Monstera Siltepecana


Moisture is the moss pole secret sauce

The next part is MOISTURE! You have an organic surface, whether you are using a coir or moss pole, and that is enough to tell you plant to get climbing. But if you want it to truly thrive, you will need to add water to the mix, as these little aerial roots will really only grow in size if they are fed.

This is where the biggest difference between coir and sphagnum moss poles becomes clear: coir as a substrate holds moisture very poorly, requiring hours soaking to absorb any amount of water, drying out very quickly afterwards. This makes it extremely inefficient as a method to hydrate your plant and its environment, even though it will fulfil all the other requirements like support and organic surface.

Sphagnum moss can hold up to 20 times its own weight in water, making it the clear winner for root hydration. Once those roots sense the moisture that you have tied them to, they will reach out and do the rest.

Same plant, a few weeks apart.

Once you have your plant positioned and hydration within reach, you'll find that your plant will do the rest, with only minor aesthetic rearranging necessary from you.

Our favourite method: attach the Monstera using green tape (velcro)

As explained in our moss pole blog here, we like to attach our Monsteras using small strips of green gardening tape. This tape is a hook and loop material similar to velcro and it is super soft on the plants.

We like this method as it's fully flexible and adjustable, and the gardening tape is relatively inexpensive and much softer on stems than wire or rope. It can also be reused several times, which is a huge plus.

The tape comes off as soon as the plant has latched on, but the extra push to bring the nodes close to the moss will speed up that rooting.

You may need to do nothing

With smaller Monsteras, you may not have to really "attach" the plant to the moss pole at all.

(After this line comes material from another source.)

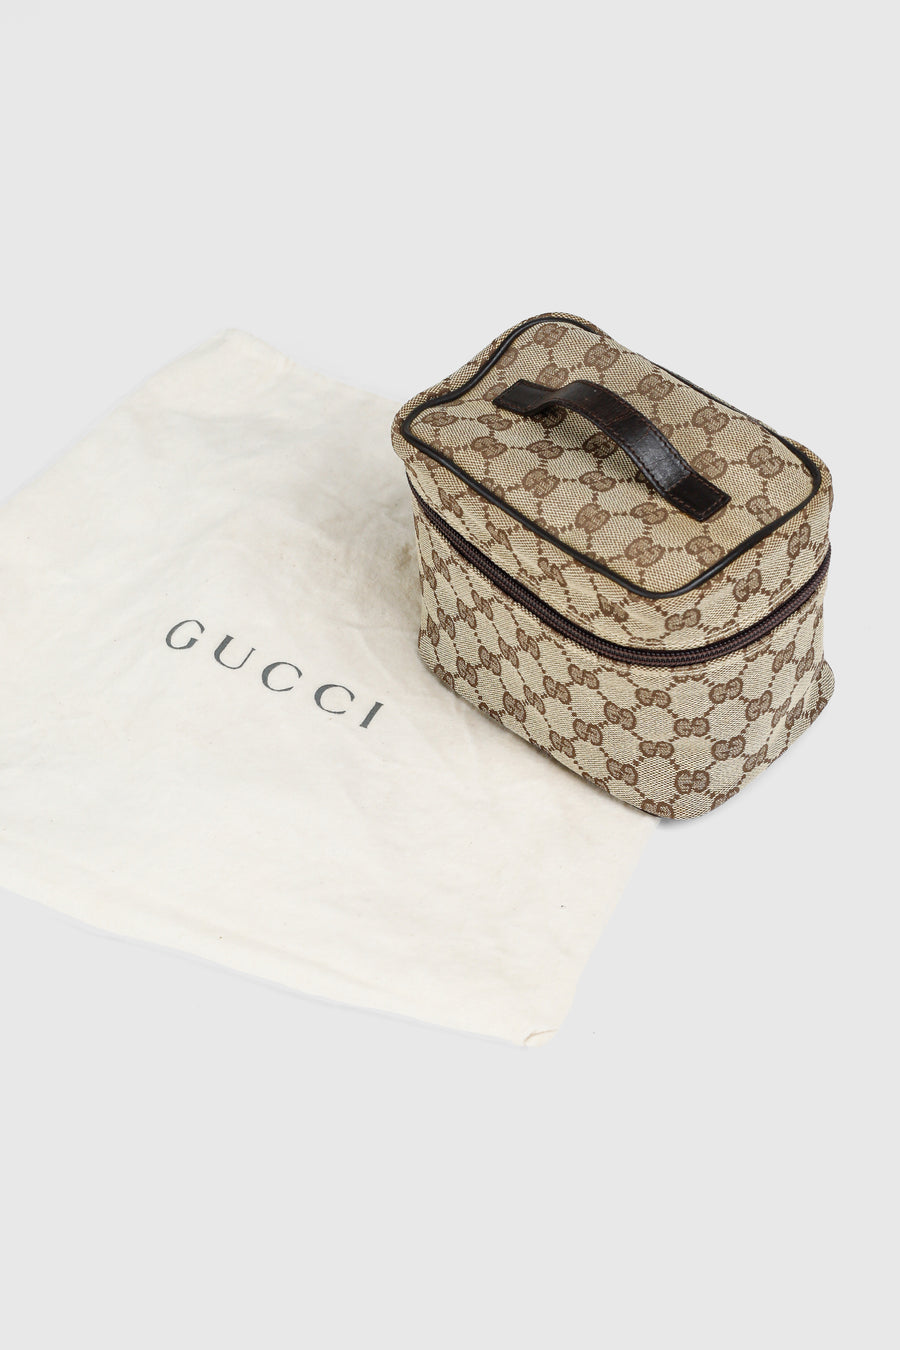 Vintage Gucci Makeup Bag

In the picture above, you can see that we have only gently taped the stem to the bottom of the moss pole at the soil line. As it is a young plant only just beginning its growth, bringing it close to the moss pole will be enough to ensure it latches on quickly.

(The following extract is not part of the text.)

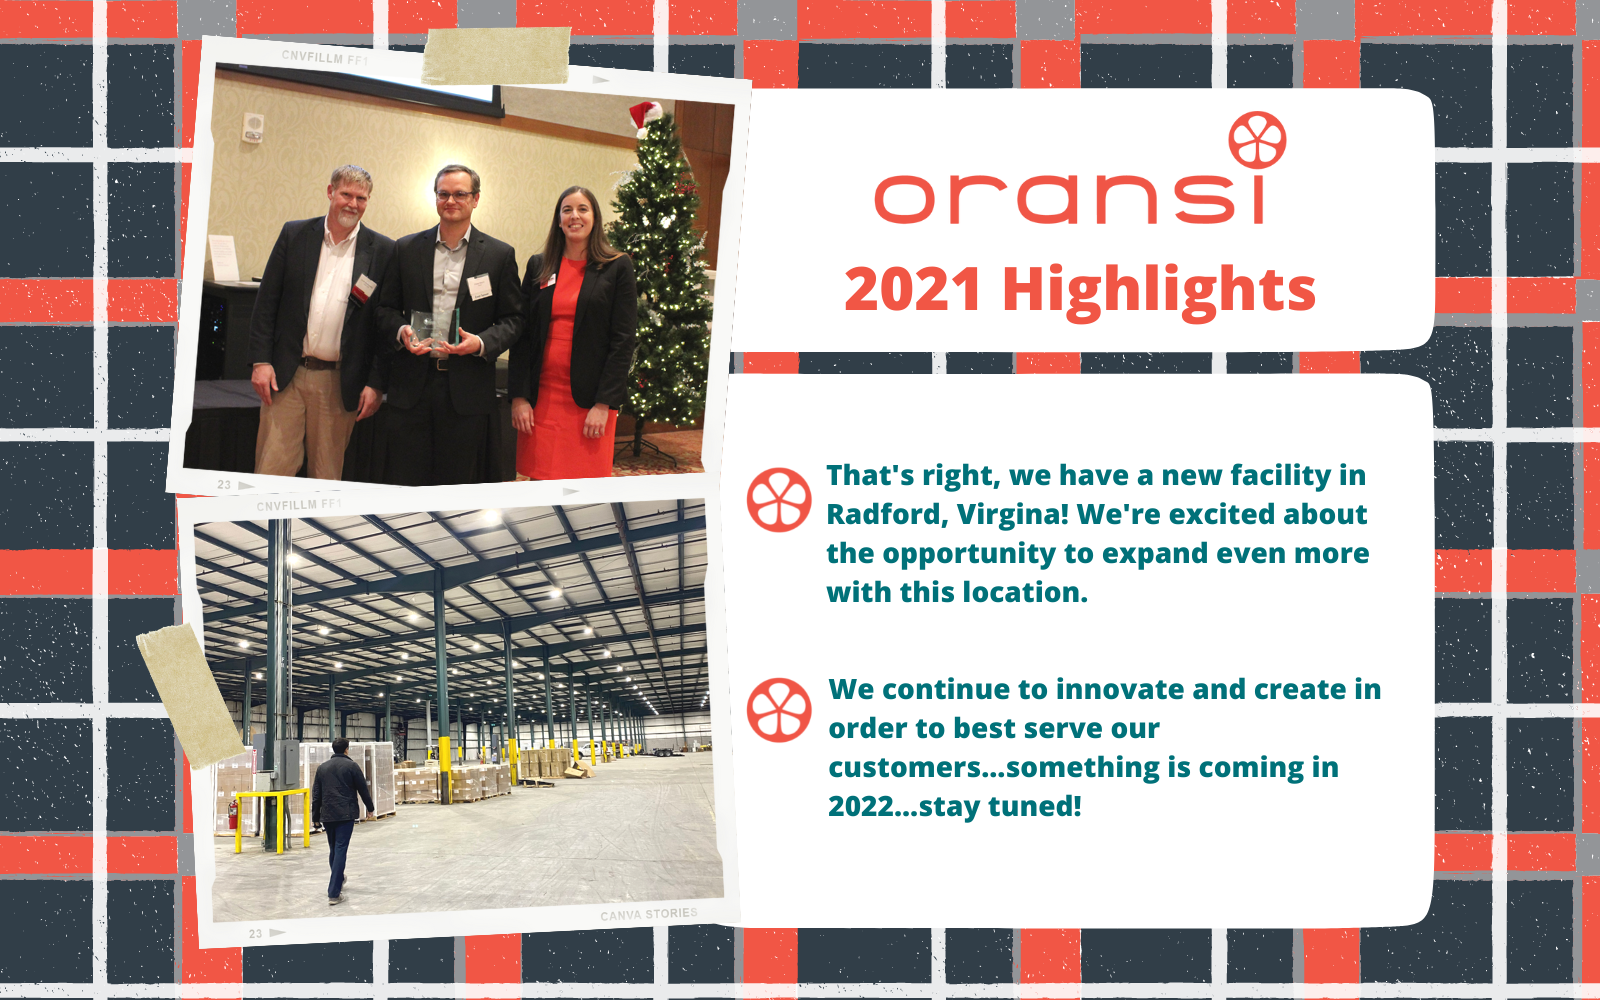 Oransi 2021 highlights including teasing 2022 plans and Radford Virginia facility

Larger Monsteras with multiple stems may require more velcro and positioning, but we don't recommend dragging your plant into complex shapes, as the stems are not as flexible as those of, say, a hoya.

The attaching will happen with time

Monsteras love moss poles and will grow aerial roots that will grow into your moss pole (having moisture in your moss pole will speed this up as mentioned). So with time, your Monstera plant will become more surely attached and enmeshed with the moss pole, and you won't have to do anything. 

Secure the moss pole

One of the main benefits of using moss poles is that they provide climbing and vertical support for your plants. You will want to ensure that your pole remains vertical, as moss poles have a tendency to become top heavy very quickly!

Some external support will inevitably be necessary, but not to worry, we've got you covered. Another good method to keep your moss pole from tipping over is to hang it via a wire anchored into your ceiling.